January 15, 2013 | 5
Science can be risky business, but it is important to know what those risks are. It is established wisdom that we need to experiment on viruses, for example, to better defend against emerging infectious diseases. But there is a fine line between creating a new strain of avian influenza to better understand how to defend against infectious disease, and using the same strain to cause a deadly pandemic.
Studies like this, which increase a virus’ ability to infect and kill, are part of a class of research known as “gain-of-function studies.” These studies, and others like them, are “dual-use.” That is, studies into highly pathogenic avian influenza (HPAI) H5N1 viruses, more commonly known as “bird flu,” are promised to raise awareness of the imminence of a bird flu pandemic in humans, improve disease surveillance, and aid in building better countermeasures against flu.
Despite these benefits, however, some fear the research could lead to the accidental or intentional release of a new, deadly strain of bird flu. Yet while recognizing dual-use research is easy, deciding what to do is a fraught exercise. How to regulate research so we capitalize on the benefits of new discoveries, while avoiding or mitigating the harms caused by the malevolent use of science and technology?
This dilemma isn’t a matter of idle speculation, but a live debate with far-reaching implications. Two gain-of-function studies have already shown that bird flu can be modified to become transmissible between ferrets, which often stand in for humans in influenza studies. In one study, bird flu was passed from ferret to ferret until it gained the capacity to spread through the air. The other study showed that the combination of parts of the 2009 H1N1 “swine flu” virus with bird flu creates a strain of bird flu that is transmissible in ferrets.
Both studies were embroiled in controversy in late 2011 when the National Science Advisory Board for Biosecurity (NSABB) recommended that neither piece of research be published (a recommendation it recanted in March of 2012). A continuing international moratorium exists on gain-of-function studies in bird flu, highlighting the seriousness of gain-of-function research.
At the end of 2012, the US Department of Health and Human Services (HHS) proposed a new policy framework for determining funding of this dual-use, gain-of-function research into bird flu. Under the new policy, gain-of-function studies must meet the following criteria in order to secure funding from HHS:
If gain-of-function research meets these criteria, pending a further review the research may then be funded but monitored for its outcomes, transferred to an agency to be conducted as classified research, or denied funding altogether.
The policy is still in its infancy, but already raises some concerns. Critics have already questioned what counts as being “significant” to public health, or what constitutes sufficient evidence for a virus strain occurring in nature. There is always likely to be room for disagreement about the extent to which gain-of-function studies are significant, or viruses emergent, but at present the ambiguity is stark enough to be worrying.
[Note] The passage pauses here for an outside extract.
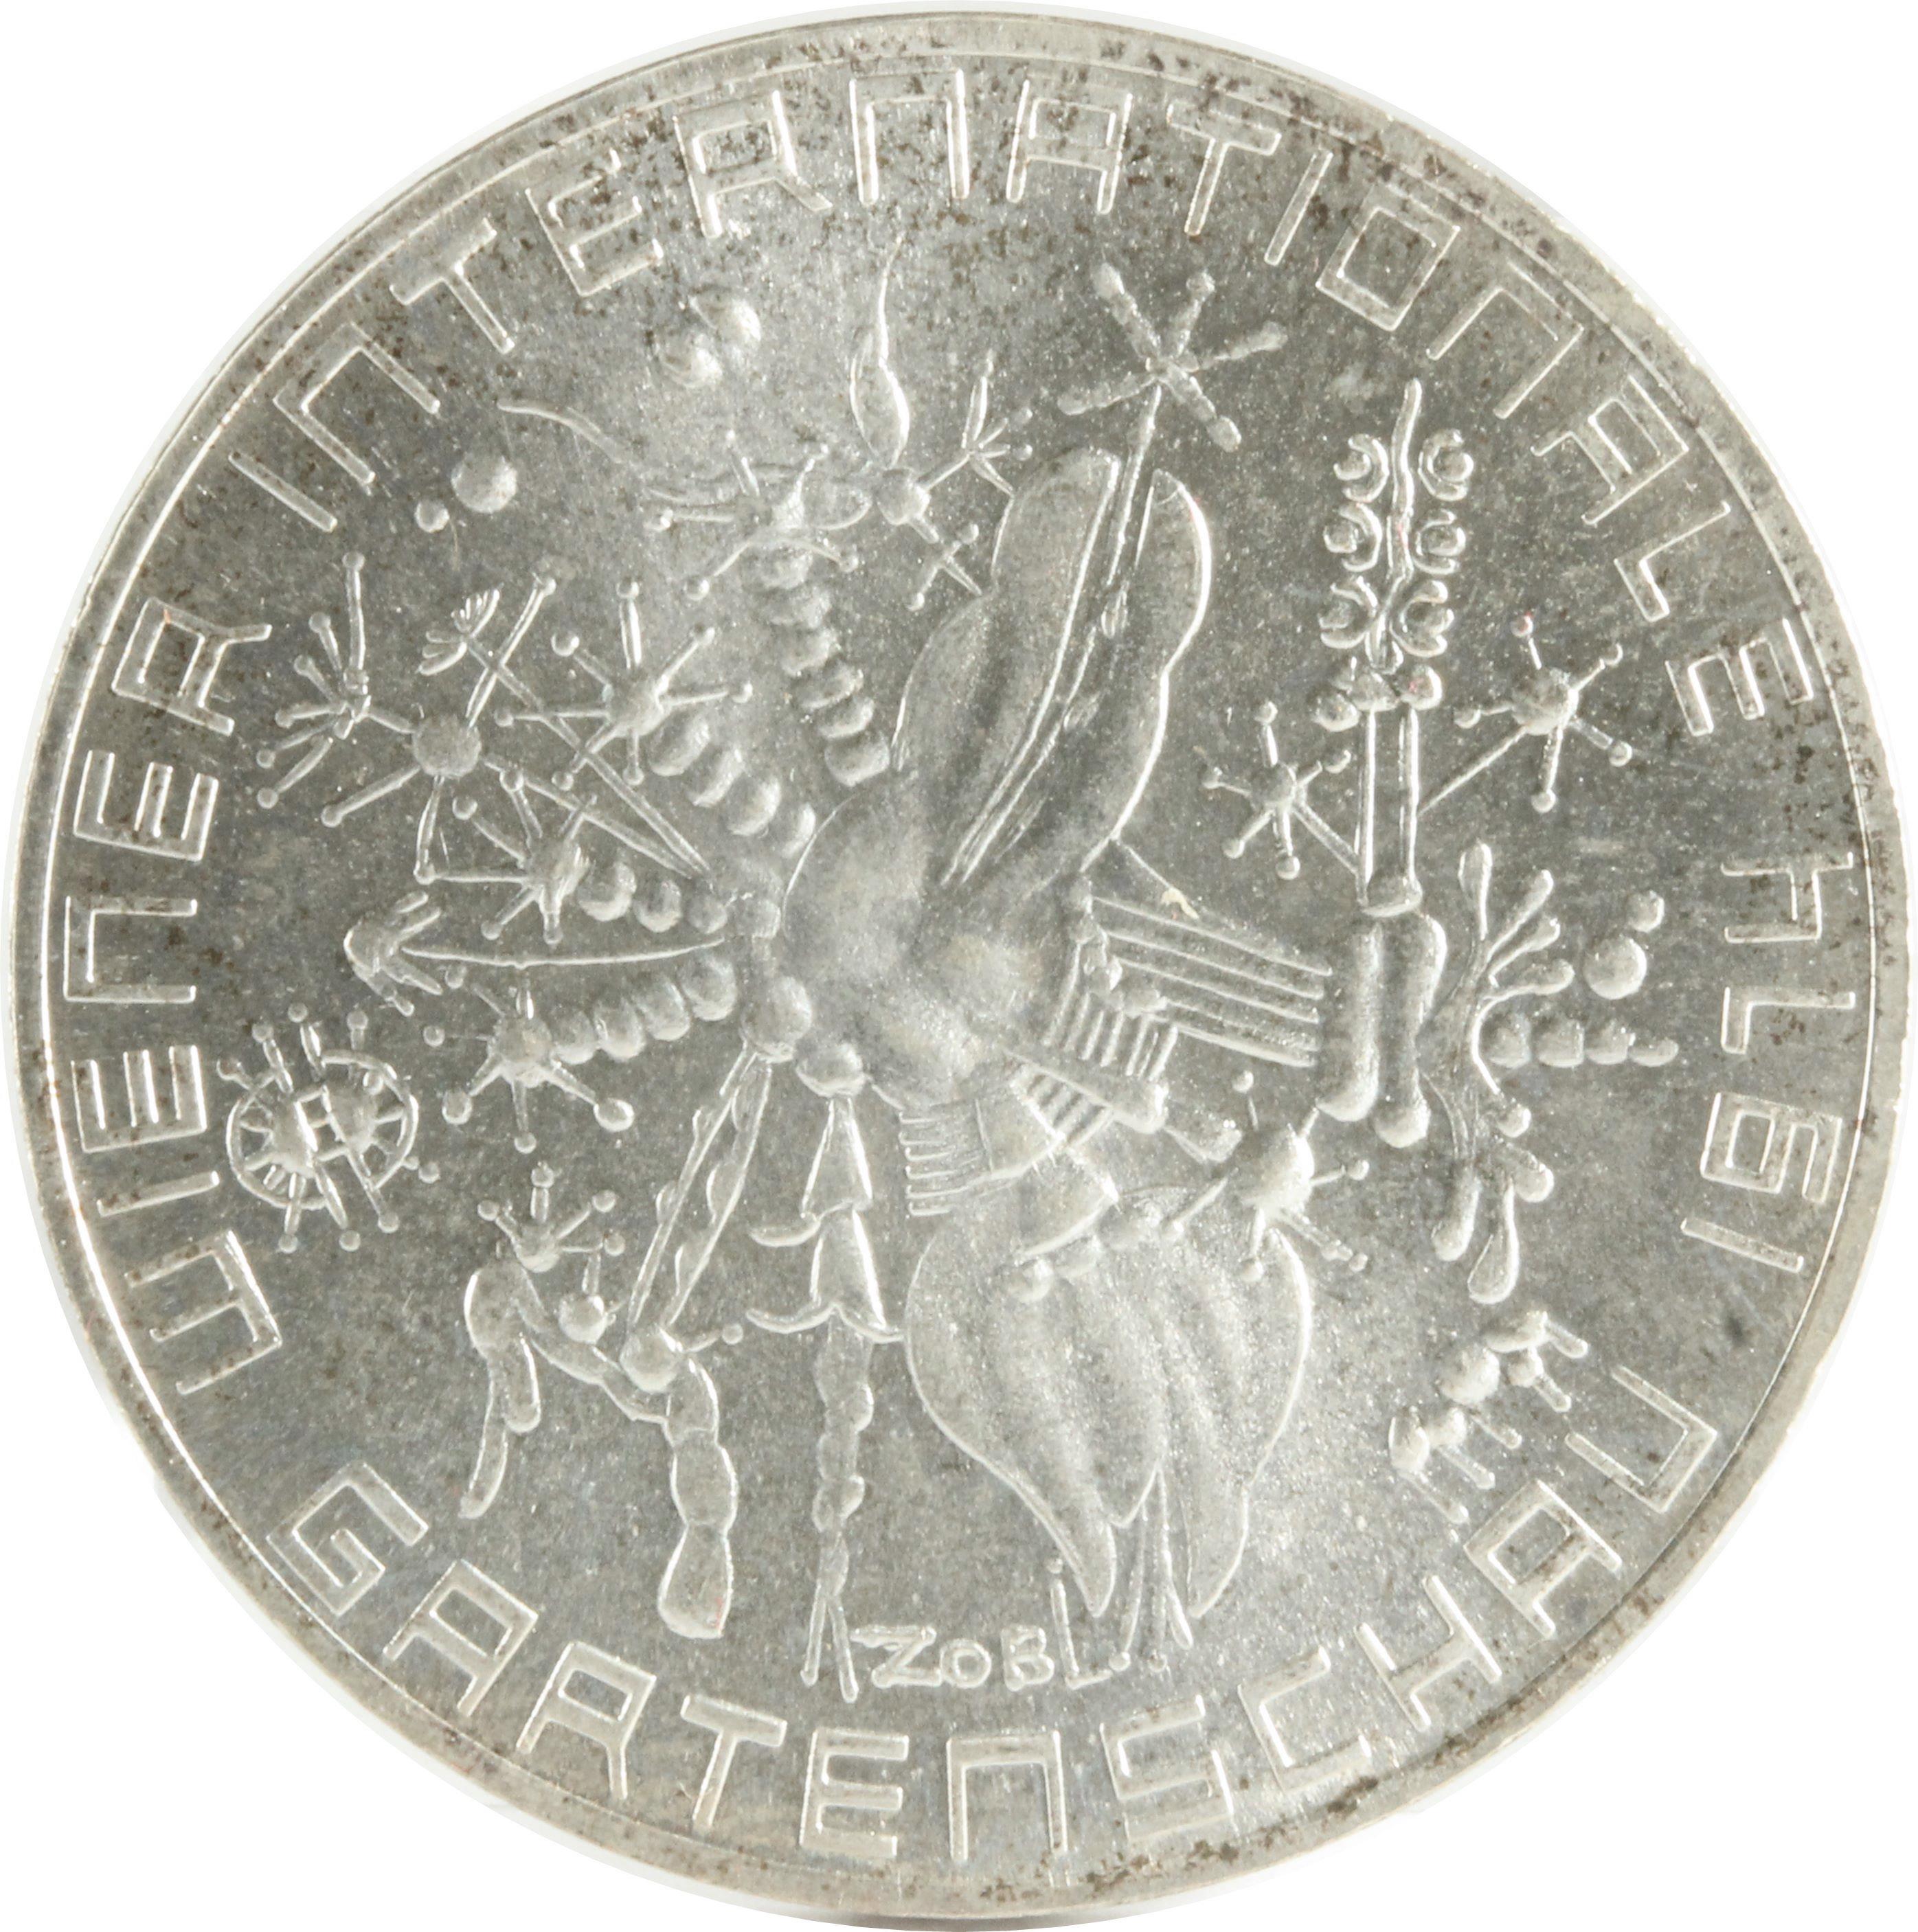 オーストリア 50シリング 銀貨 SCHILLING 1974年 XF | ミスターコインズ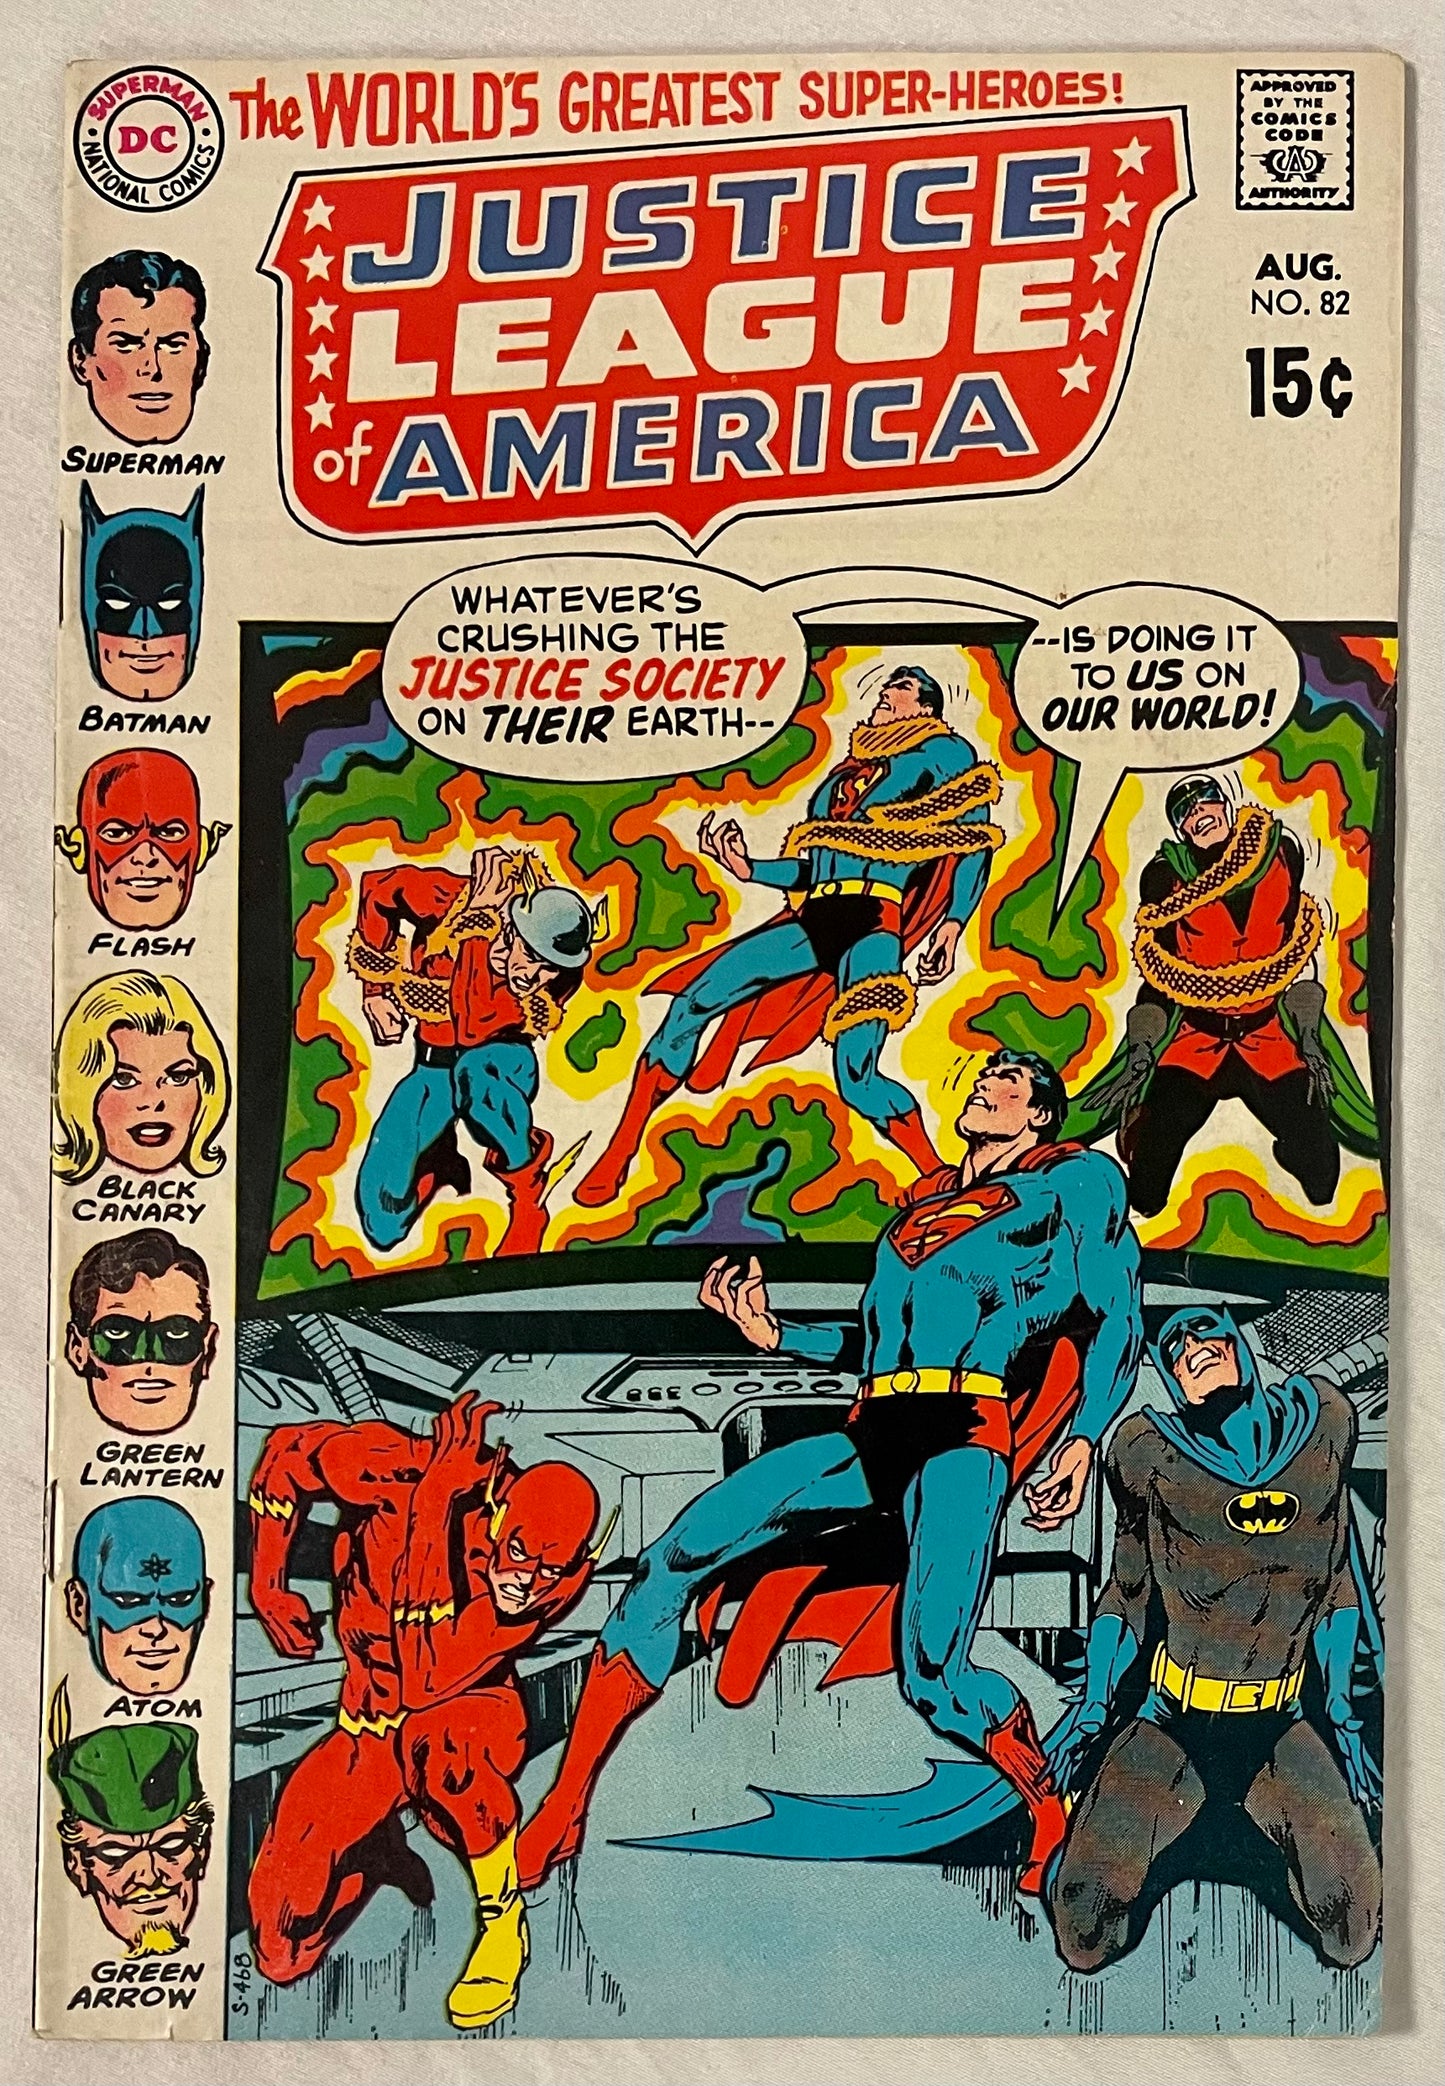 DC Comics Justice League of America No. 82

With no guidance, researchers may be pressed upon to provide assurances they simply can’t make given evidence possessed before research is conducted.
Yet even if we do overcome the hurdle of identifying what is beneficial, and what manifestly dangerous, the proposed actions given by the framework are somewhat alarming. The framework gives the option to transfer dangerous gain-of-function research to agencies that conduct classified research, such as the Department of Defence or the Department of Homeland Security.
Yet classified government research in the life sciences doesn’t have a great track record of being in the public interest: the Defence Intelligence Agency’s attempts to make genetically modified anthrax, the Defence Threat Reduction Agency’s milling weapons-grade anthrax in secret, or the CIA’s creation of Soviet-style “bomblets” that are used to disperse biological agents (in the name, so claimed, of assessing their effectiveness in use against the US), are all example of deeply troubling classified life sciences research purported to be in the public interest.
The possibility of taking research we’ve already ascertained is problematic, and giving it to an agency with a history of misuse of research, is frightening. We should question this new policy to the extent that it leaves open this option. If research is risky to public health, or doesn’t show merit regarding actually emerging infectious diseases, why open the way for that research to be done in secret?
Finally, it remains to be seen how the international community will respond to the US policy. In the absence of strong international compliance or confidence building measures around the spread of biological weapons, gain-of-function research may simply move offshore to locales with as much money but less oversight, something that is surely to the detriment of all. Alternately, other countries may simply ignore the lead of the US in favour of their own research agendas.
These aren’t reasons to reject the new framework, but they are difficult problems that need addressing. Ultimately, the reasons for creating policy need to be the right reasons, and generate the right kinds of outcome—in this case, funding research that really is in the public interest. After all, when regulation succeeds in its aims, no one notices; when it fails, science is derailed, corruption occurs, and people get hurt. So it pays to engage in and question the policy process to ensure the right regulations happen for the right reasons. We should all take a closer look at how HHS and others intend to handle this type of dual-use research. Ultimately, our lives really might depend on it.